→ WORK ORDER
The listing below is to be given again in full and word for word, without its images.

→ DATA SEGMENT
════════════════════
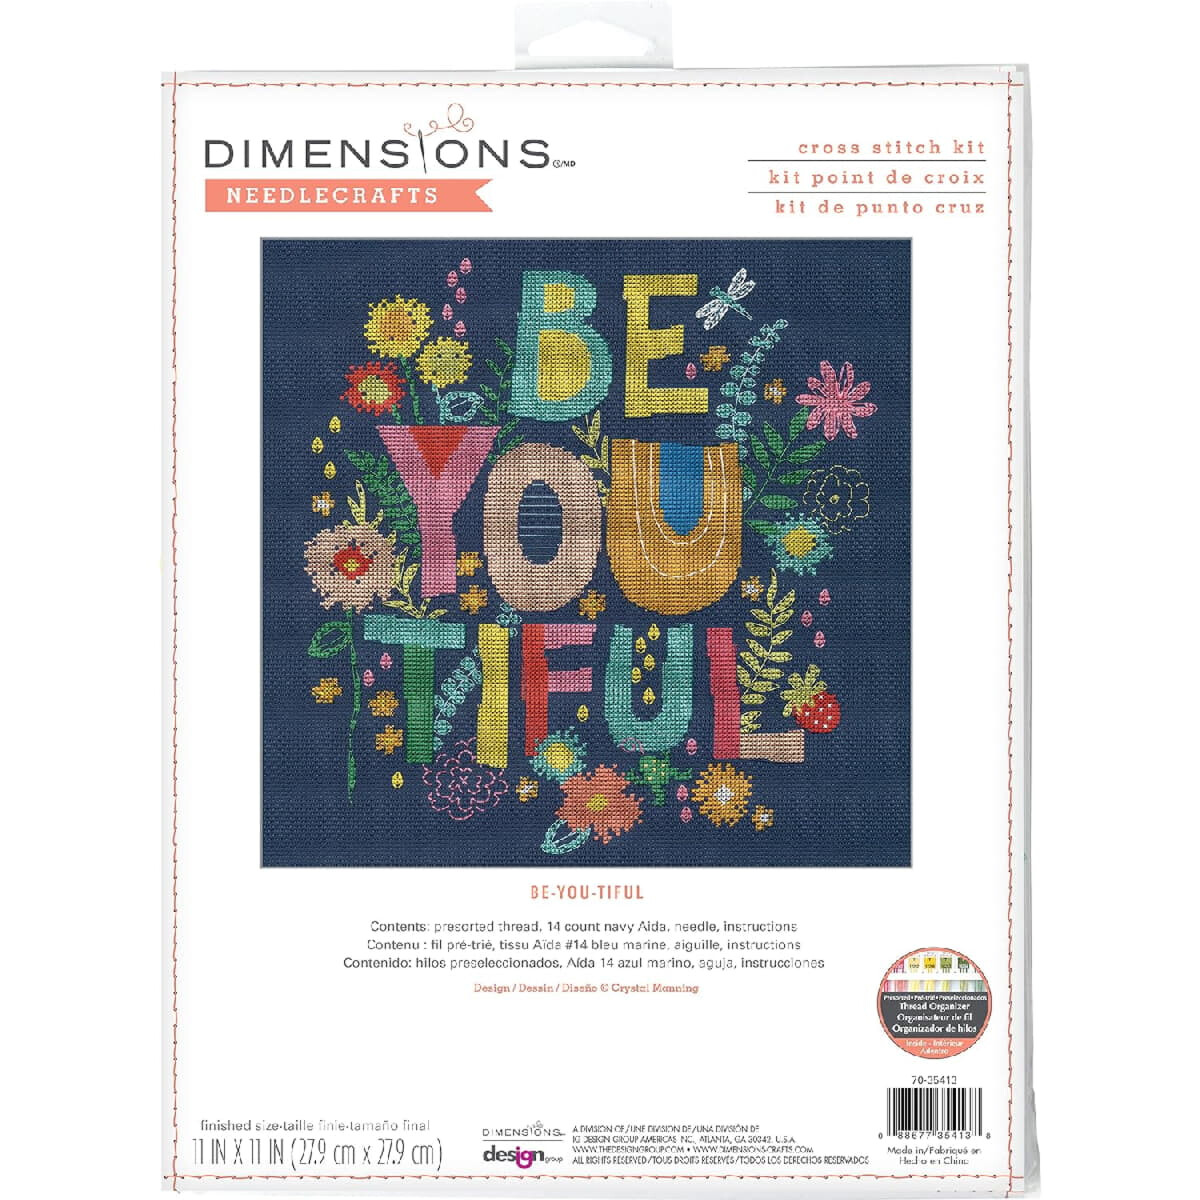 Dimensions counted cross stitch kit...
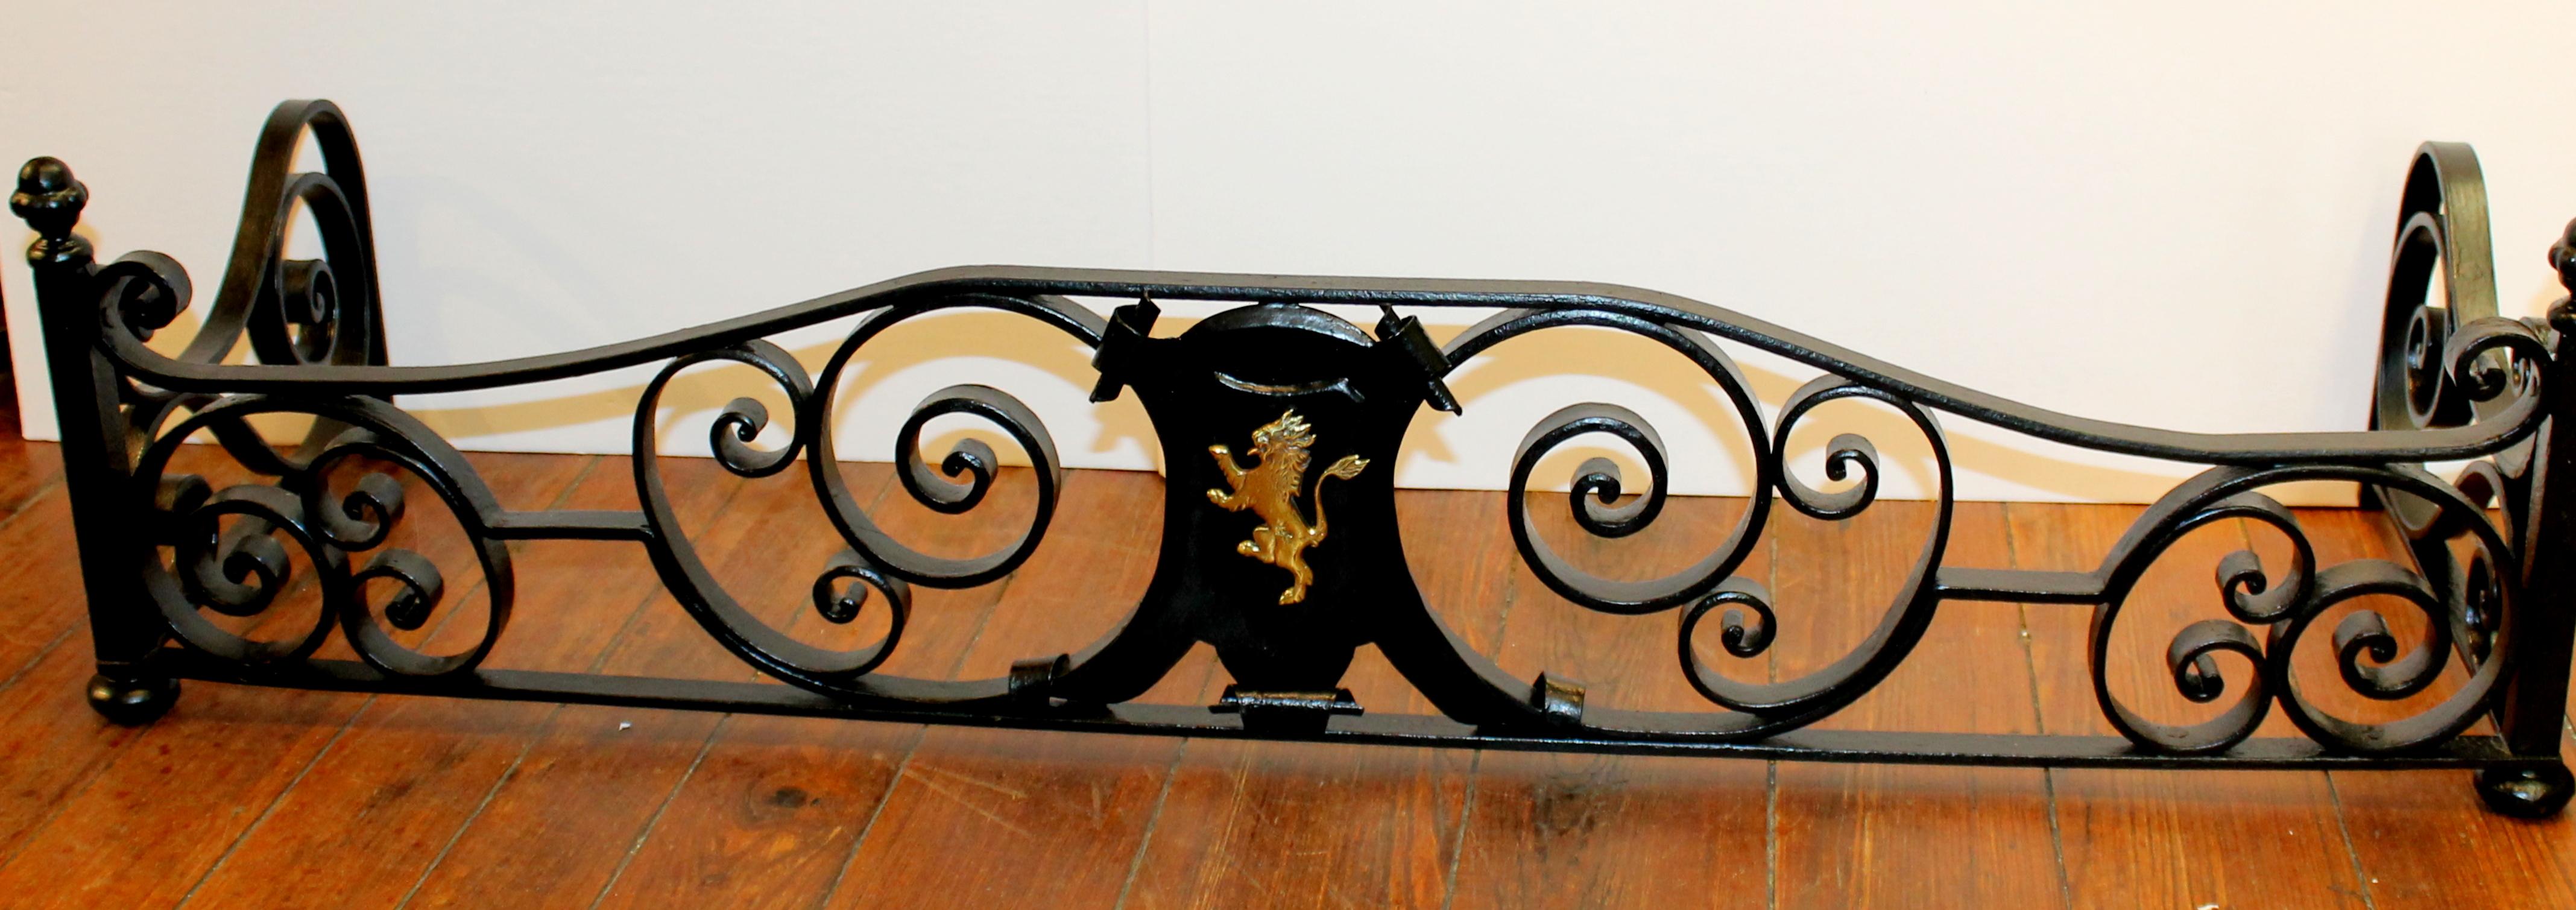 Extraordinarily fine antique English hand wrought iron and cast brass fireplace fender

Please note superbly hand wrought very heavy ironwork and cast brass
════════════════════
→ REPLY TO THE EXERCISE
 Dimensions counted cross stitch kit...
 Extraordinarily fine antique English hand wrought iron and cast brass fireplace fender

Please note superbly hand wrought very heavy ironwork and cast brass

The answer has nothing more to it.